TimeTraceScope here? (as it'd be doing non-negligible amount of work)

lld/MachO/CallGraphSort.h
17

why not #include the header instead?
(you'll need it in the .cpp anyway)

lld/MachO/Driver.cpp
1035

[optional] perhaps add a TimeTraceScope here?

1445

only if callGraphProfileSort==true ?

lld/MachO/InputFiles.cpp
308

I think the unwritten assumption here is that macho is all little-endian now.

lld/MachO/InputFiles.h
61

would be helpful to have some comment clarifying on "Index" into what.

lgrey updated this revision to Diff 381300.Oct 21 2021, 9:38 AM
lgrey marked 5 inline comments as done.

Address comments: document CallGraphEntry struct, add time traces, only extract data if --call-graph-profile-sort, shuffle includes

MaskRay added a subscriber: MaskRay.EditedOct 27 2021, 4:13 PM

Any performance number? This is a very minor optimization and probably rarely doesn't really benefit mobile/desktop applications.

Windows Chrome got 3% on Speedometer from adding this. Locally on Chromium Mac, I'm seeing about the same thing (3.3% if I'm measuring correctly: means of 151 vs 156 with similar confidence intervals).

Windows Chrome got 3% on Speedometer from adding this. Locally on Chromium Mac, I'm seeing about the same thing (3.3% if I'm measuring correctly: means of 151 vs 156 with similar confidence intervals).

Ah, nice. Thanks for the number.

lld/MachO/CallGraphSort.cpp
233
lgrey updated this revision to Diff 383160.Oct 28 2021, 2:06 PM

Remove braces around single-line if

lgrey marked an inline comment as done.Oct 28 2021, 2:06 PM
thakis accepted this revision.Jan 11 2022, 1:09 PM

Cool.

lld/MachO/Driver.cpp
1401

should we warn if there's both an explicit --call-graph-profile-sort flag and an -order_file flag? Or maybe later when we know that there's call graph info in the .o file but also an order file?

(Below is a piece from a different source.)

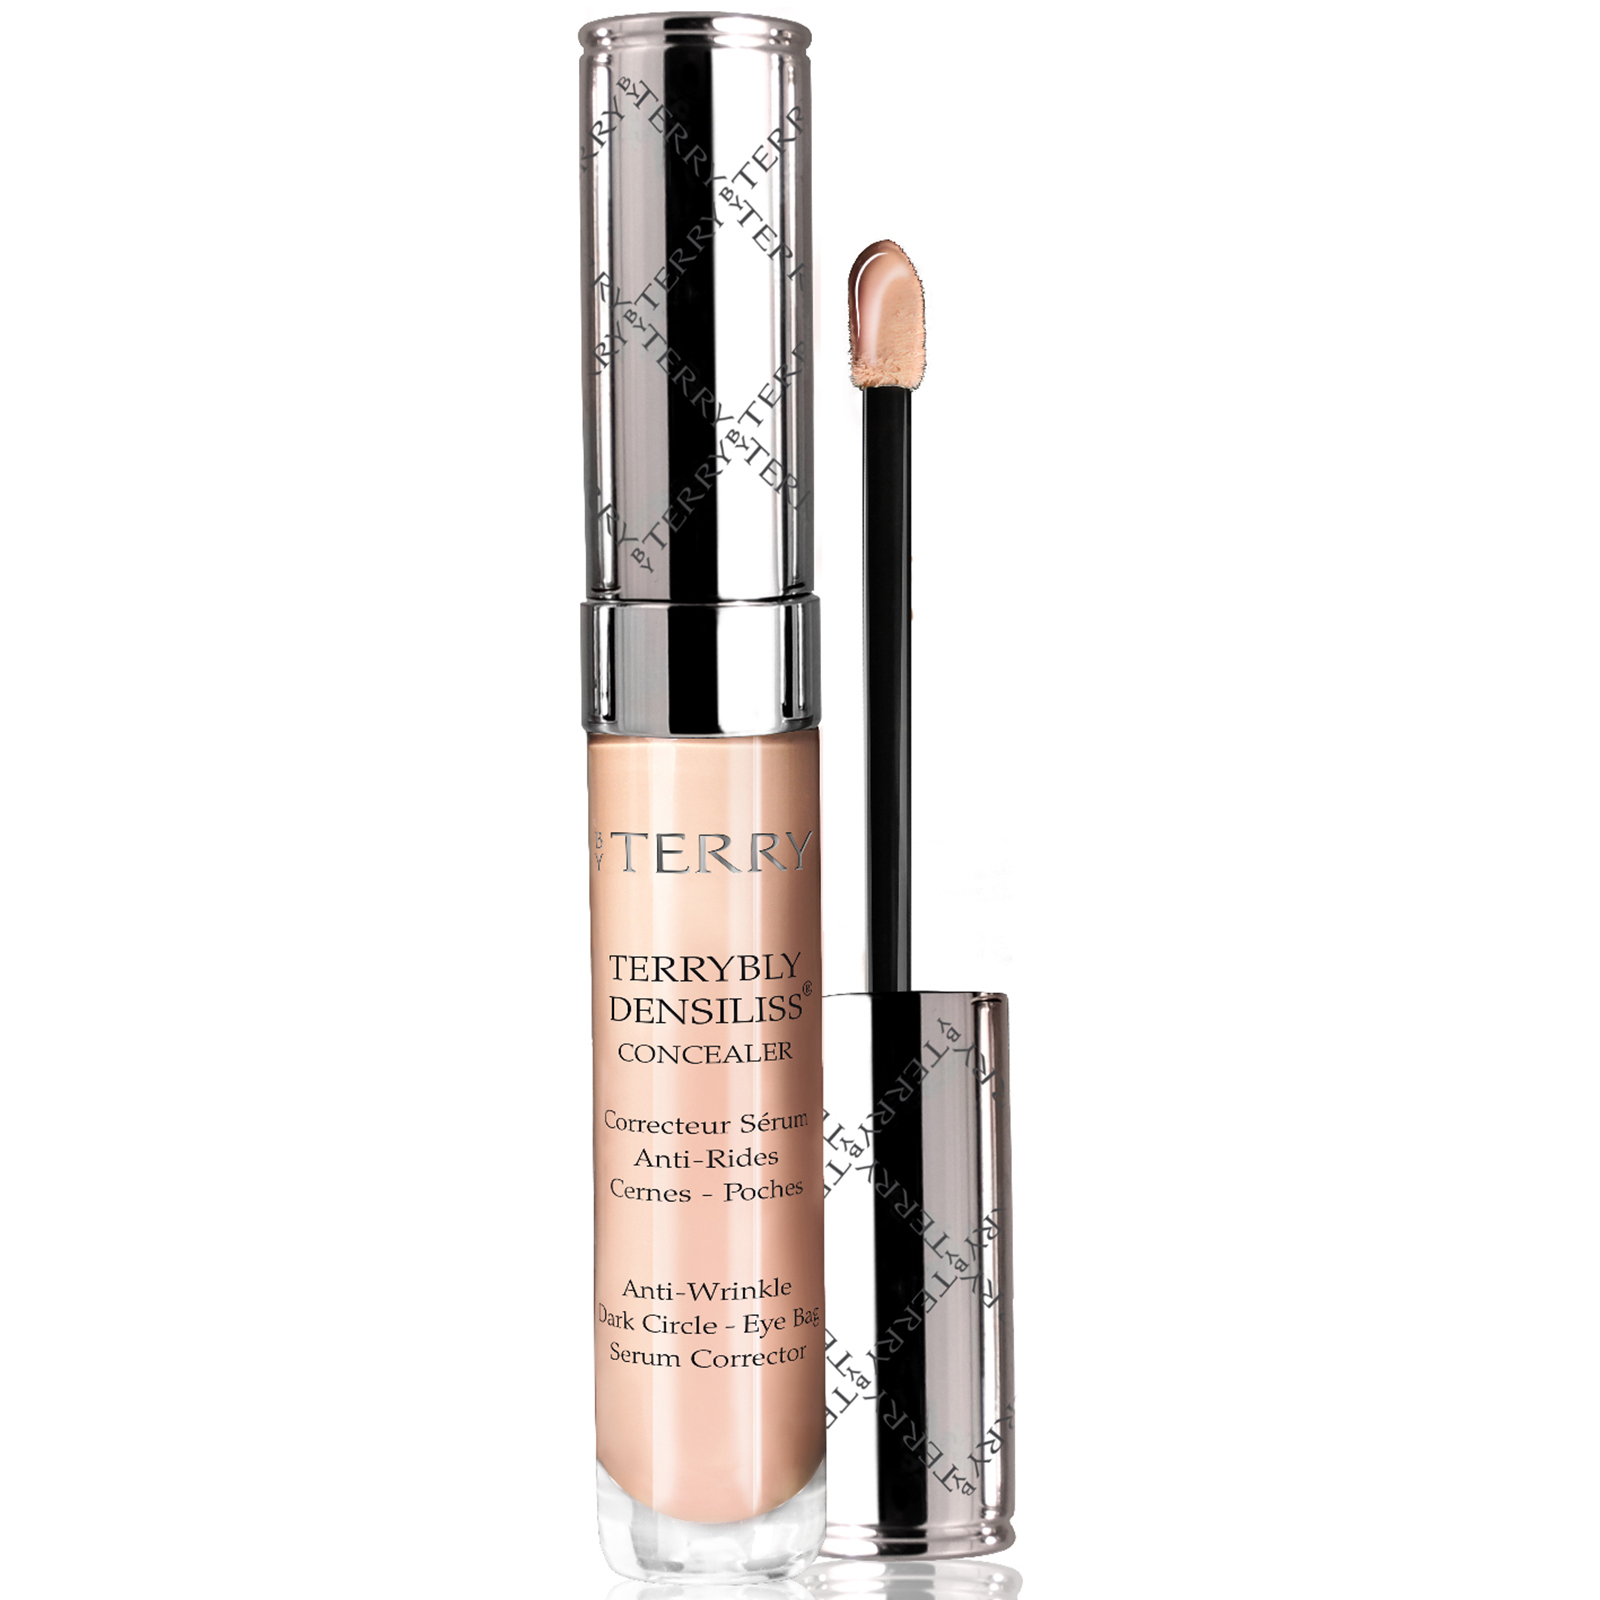 By Terry Terrybly Densiliss Concealer 7ml (Various Shades) - 3. Natural Beige

(…or are you planning on adding support for both flags at the same time in a follow-up?)

lld/MachO/InputFiles.cpp
307

Should this have a TimeTrace too?

lld/MachO/Options.td
77

nit: Put just (default) here, and omit it from the line below. That's consistent with the rest of the help texts.

This revision is now accepted and ready to land.Jan 11 2022, 1:09 PM
lgrey updated this revision to Diff 399061.Jan 11 2022, 1:34 PM

Var renames, missing newline

lgrey updated this revision to Diff 399068.Jan 11 2022, 1:40 PM

Restore accidentally stomped diff

lgrey updated this revision to Diff 399093.Jan 11 2022, 2:55 PM
lgrey marked 2 inline comments as done.

Add time trace for parsing section, options edit

lld/MachO/Driver.cpp
1401

Yes, planning to add support to both as a follow-up

This revision was landed with ongoing or failed builds.Jan 12 2022, 7:57 AM
This revision was automatically updated to reflect the committed changes.